As you can see, there are many subdirectories such as cpuset, cpu, and memory under /sys/fs/cgroup, also called subsystems. These are the types of resources that my machine can currently limit by Cgroups. Under the resource type corresponding to the subsystem, you can see the specific methods that this type of resource can be restricted. For example, for the CPU subsystem, we can see the following configuration files, this command is:

$ ls /sys/fs/cgroup/cpu
cgroup.clone_children cpu.cfs_period_us cpu.rt_period_us  cpu.shares notify_on_release
cgroup.procs      cpu.cfs_quota_us  cpu.rt_runtime_us cpu.stat  tasks

If you are familiar with Linux CPU management, you will notice keywords like cfs_period and cfs_quota in its output. These two parameters need to be used in combination and can be used to limit a process to a total of cfs_quota of CPU time within a period of time of cfs_period.

And how to use such a configuration file?

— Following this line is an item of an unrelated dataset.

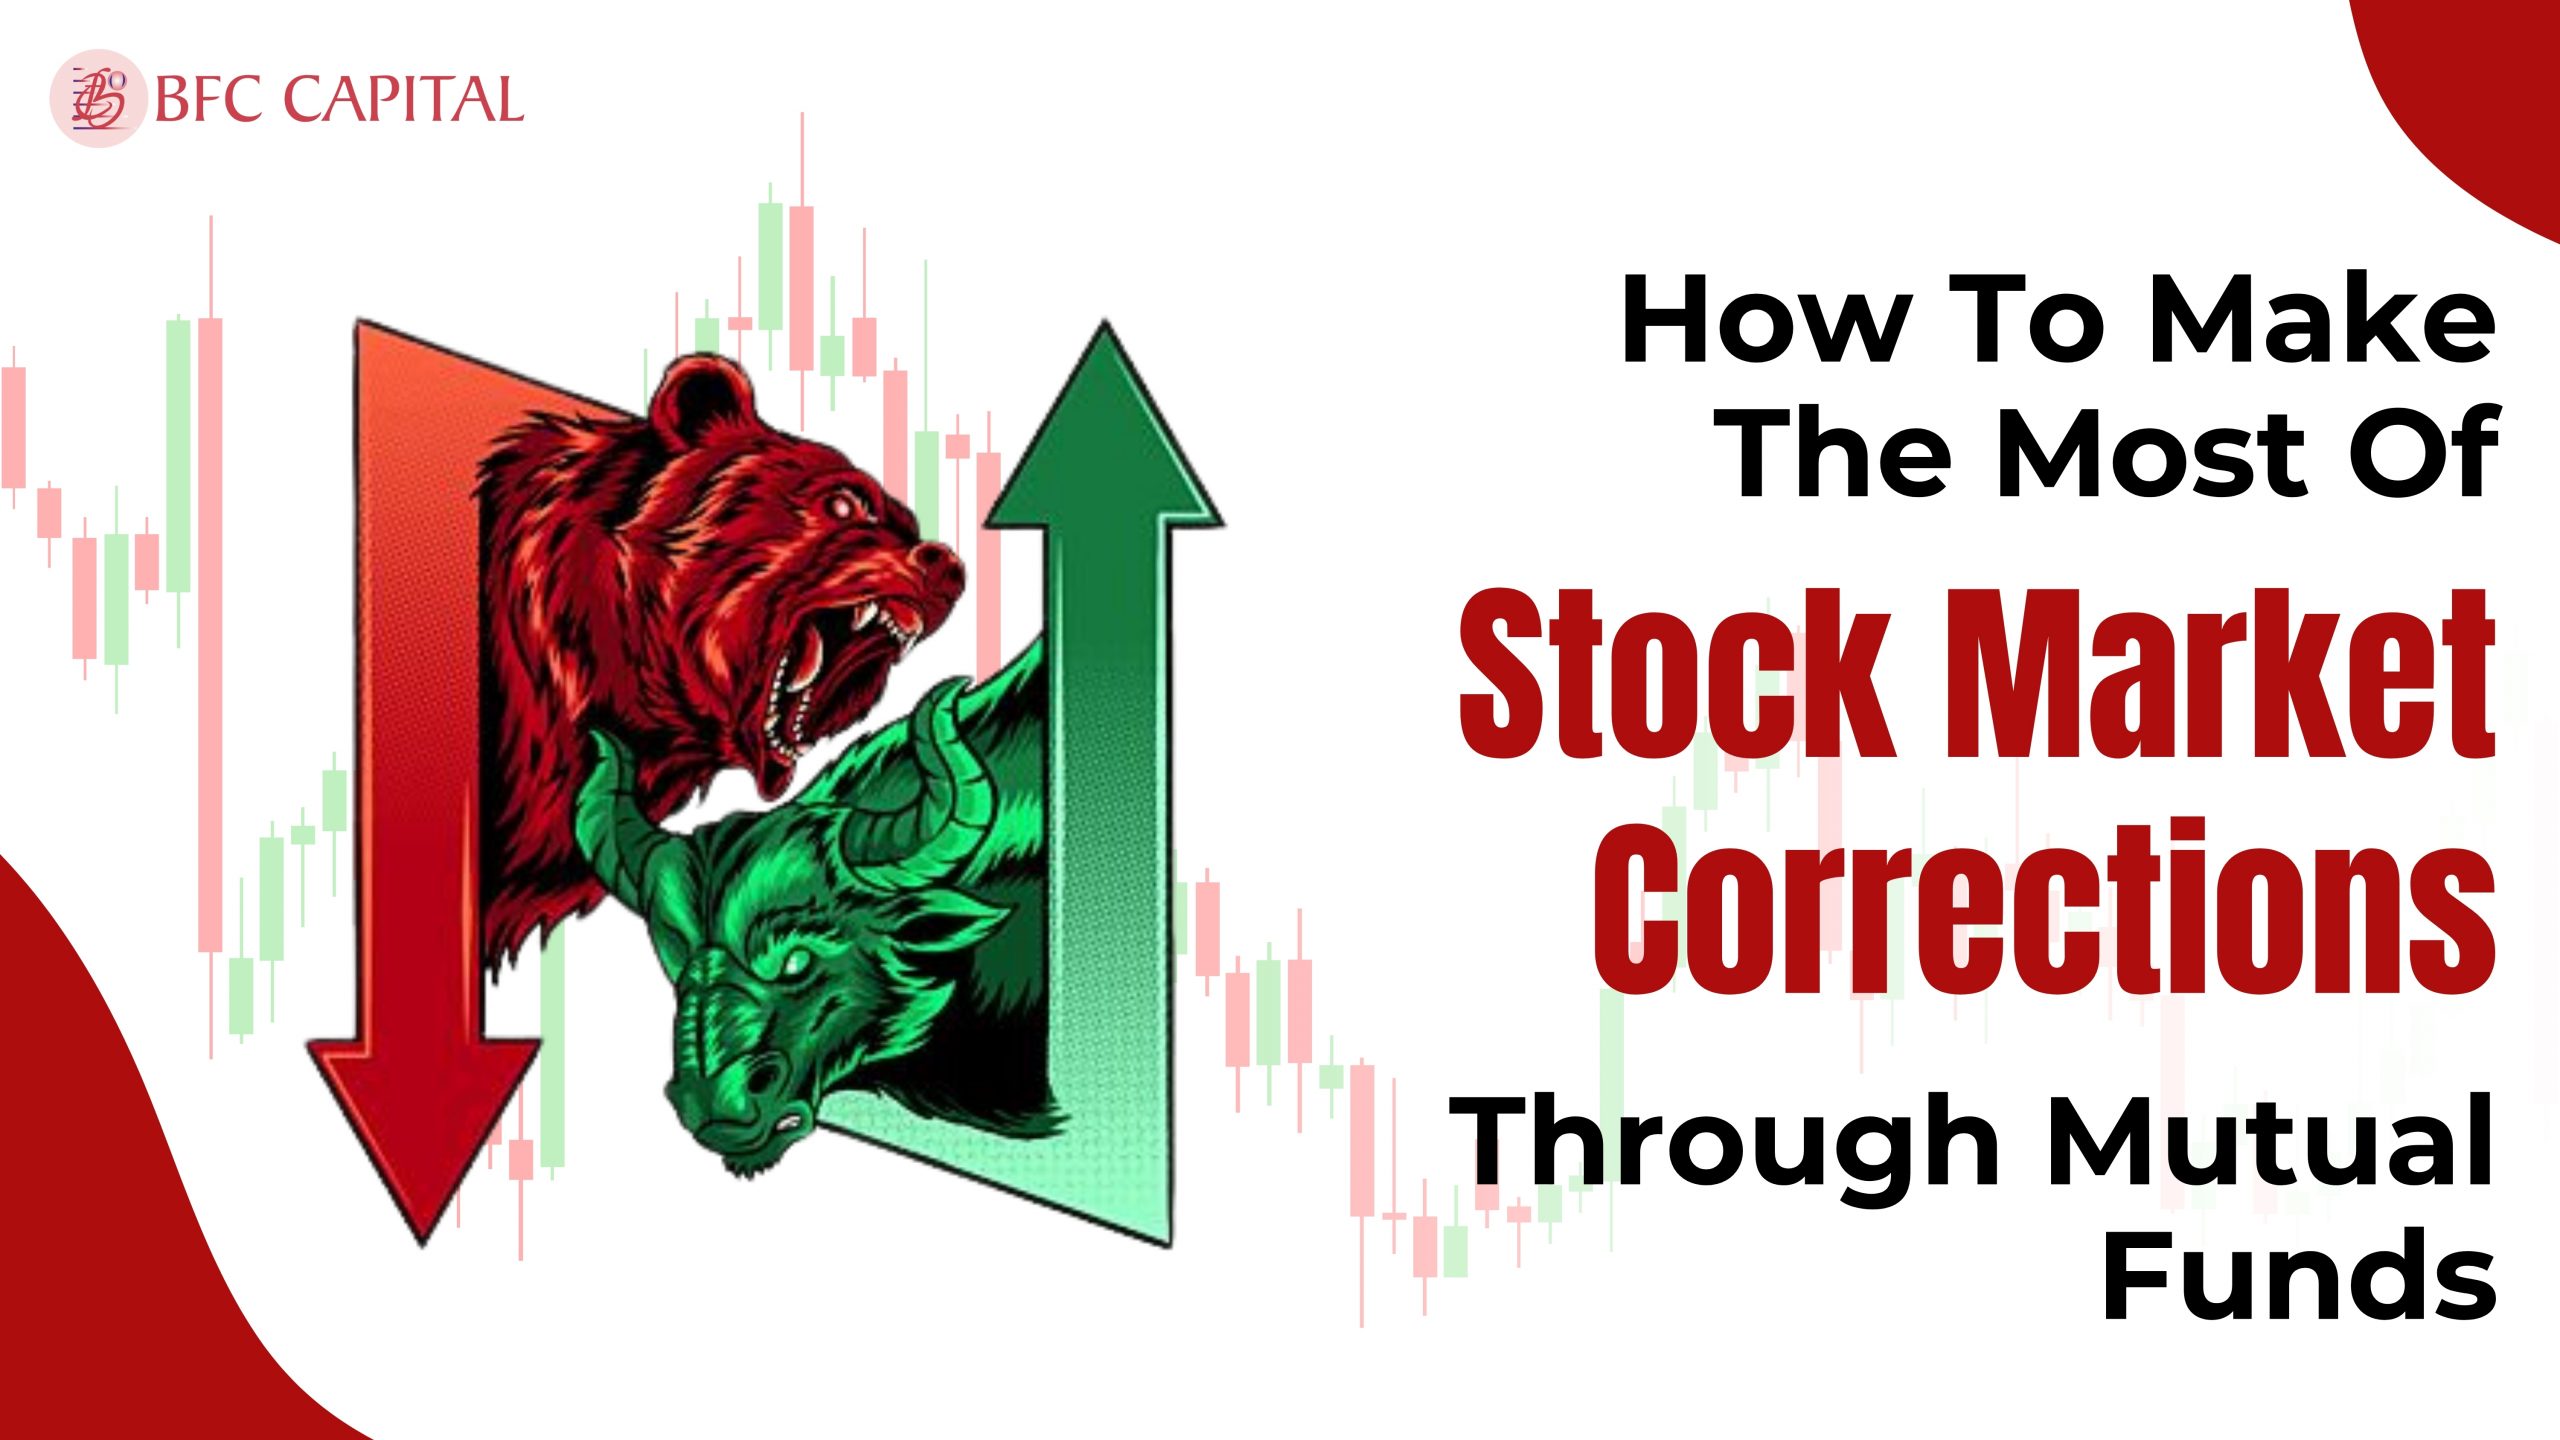 How To Make The Most Of Stock Market Corrections Through Mutual Funds

You need to create a directory under the corresponding subsystem, for example, we now enter the /sys/fs/cgroup/cpu directory:

root@ubuntu:/sys/fs/cgroup/cpu$ mkdir container
root@ubuntu:/sys/fs/cgroup/cpu$ ls container/
cgroup.clone_children cpu.cfs_period_us cpu.rt_period_us  cpu.shares notify_on_release
cgroup.procs      cpu.cfs_quota_us  cpu.rt_runtime_us cpu.stat  tasks

This directory is called a “control group”. You will find that the operating system will automatically generate the resource limit file corresponding to the subsystem in the newly created container directory. Now, we execute such a script in the background:

$ while : ; do : ; done &
[1] 226

Obviously, it executes an infinite loop that can eat up the computer’s CPU to 100%, and based on its output, we can see that the process ID (PID) of this script running in the background is 226. In this way, we can use the top command to confirm whether the CPU is full:

$ top
%Cpu0 :100.0 us, 0.0 sy, 0.0 ni, 0.0 id, 0.0 wa, 0.0 hi, 0.0 si, 0.0 st

As you can see in the output, the CPU usage has reached 100% (%Cpu0 : 100.0 us). At this time, by viewing the files in the container directory, we can see that the CPU quota in the container control group has no limit (ie: -1), and the CPU period is the default 100 ms (100000 us):

$ cat /sys/fs/cgroup/cpu/container/cpu.cfs_quota_us 
-1
$ cat /sys/fs/cgroup/cpu/container/cpu.cfs_period_us 
100000

Next, we can set limits by modifying the contents of these files. For example, to write 20 ms (20000 us) to the cfs_quota file in the container group:

$ echo 20000 > /sys/fs/cgroup/cpu/container/cpu.cfs_quota_us

Combined with the previous introduction, you should be able to understand the meaning of this operation. It means that in every 100 ms, the process limited by the control group can only use 20 ms of CPU time, which means that this process can only use up to 20 ms of CPU time. 20% CPU bandwidth.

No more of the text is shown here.